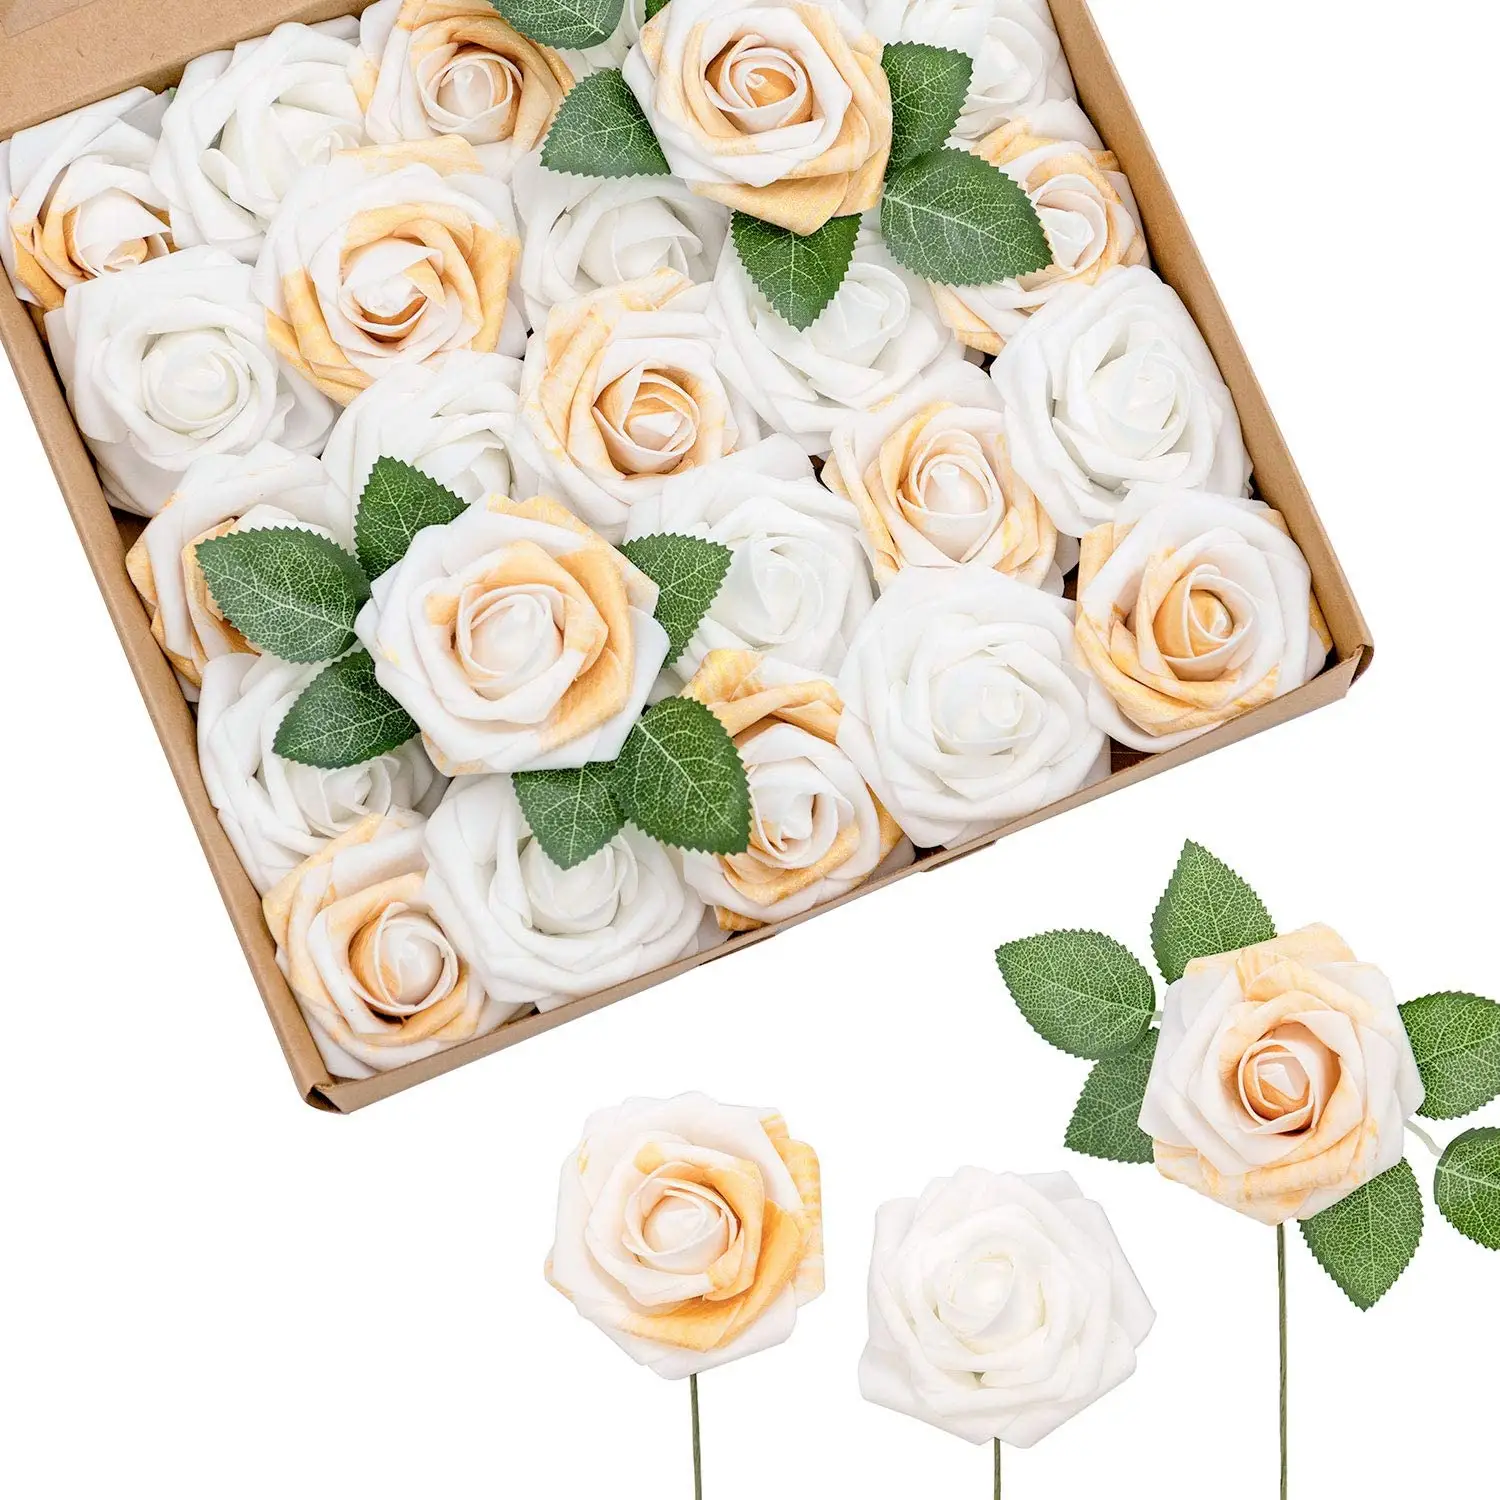 25PCS White & Gold artificial Roses Combo flower with Stem home Wedding Decor Centerpieces Arrangements Bouquets flowers
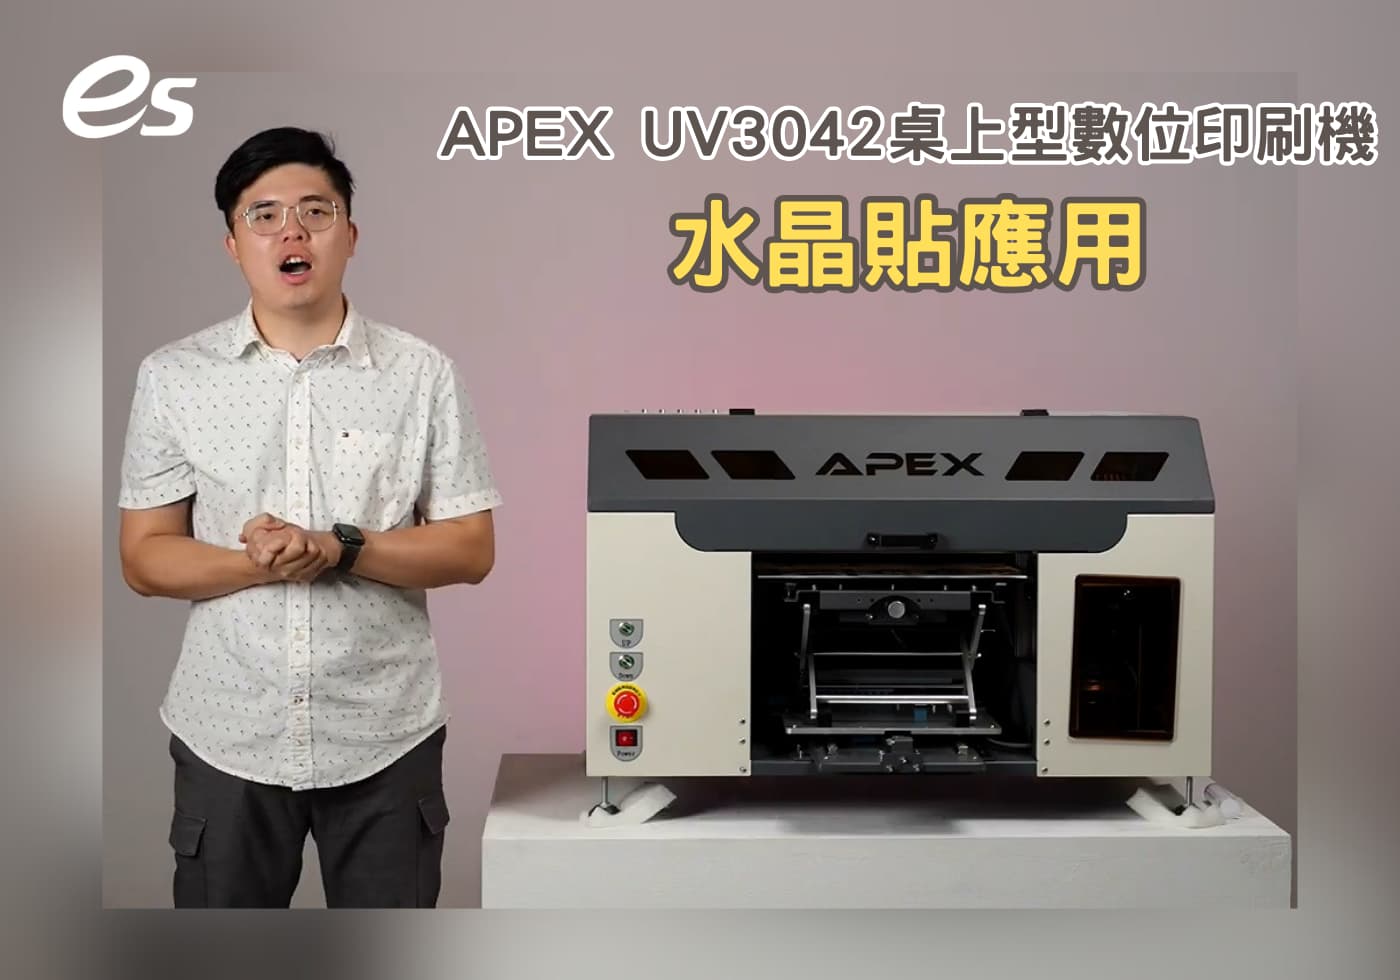 閱讀更多文章 APEX UV3042 桌上型數位印刷機的水晶貼應用
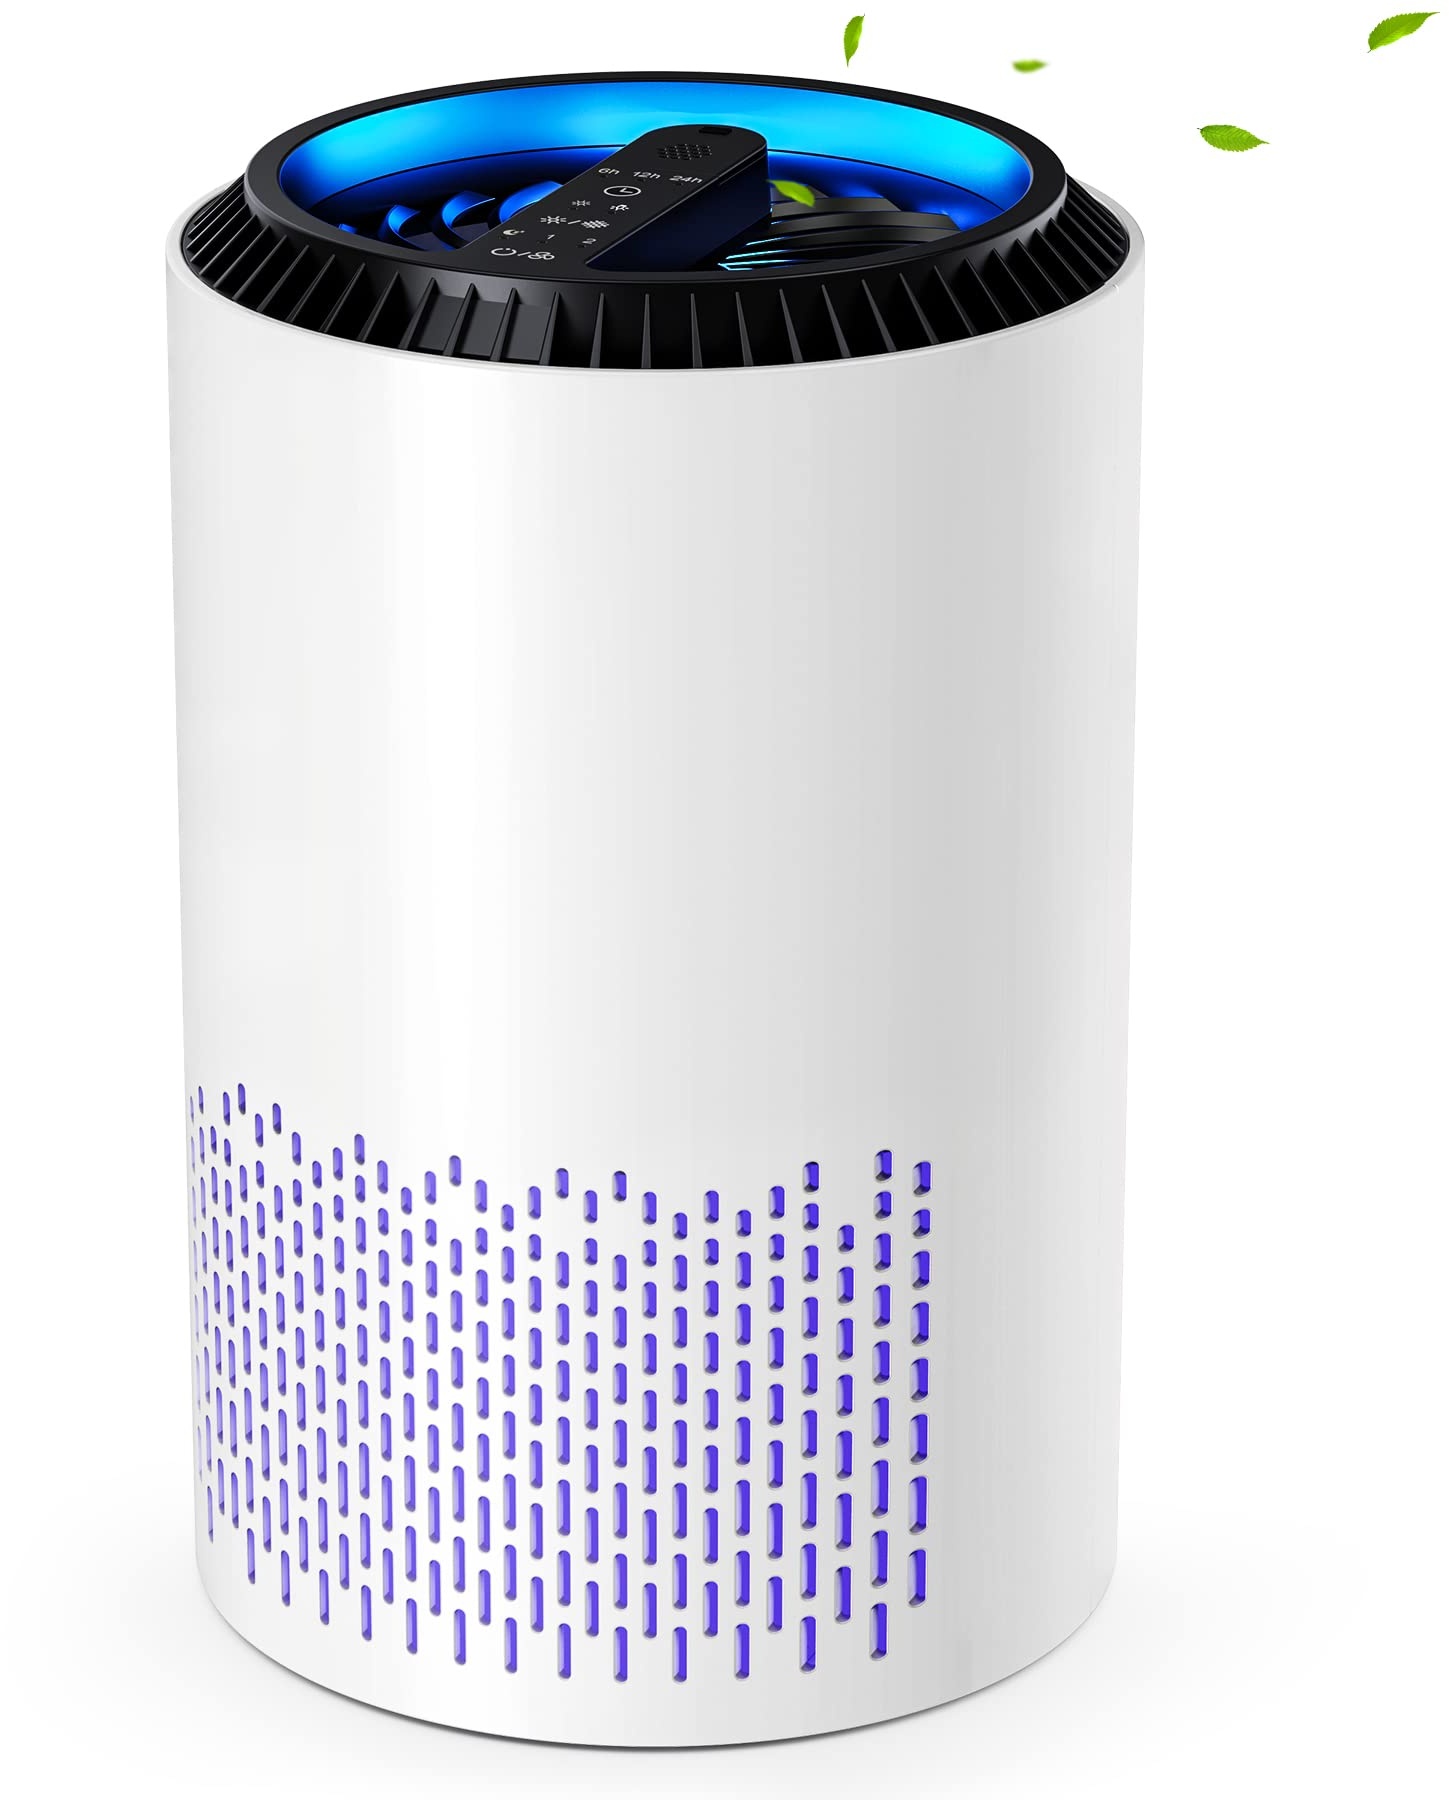 CONOPU Luftreiniger Allergiker, Air Purifier Hepa H13 Filter, Luftfilter mit 3 Filterstufen 99,97% Filterleistung, Raumluftreiniger mit Aromatherapie, für Staub Geruch, Weiß, OJH001

- - -

• Problem:
Each line of the data should be printed again exactly. Please leave pictures out.

• Task result:
 25PCS White & Gold artificial Roses Combo flower with Stem home Wedding Decor Centerpieces Arrangements Bouquets flowers
 閱讀更多文章 APEX UV3042 桌上型數位印刷機的水晶貼應用
 CONOPU Luftreiniger Allergiker, Air Purifier Hepa H13 Filter, Luftfilter mit 3 Filterstufen 99,97% Filterleistung, Raumluftreiniger mit Aromatherapie, für Staub Geruch, Weiß, OJH001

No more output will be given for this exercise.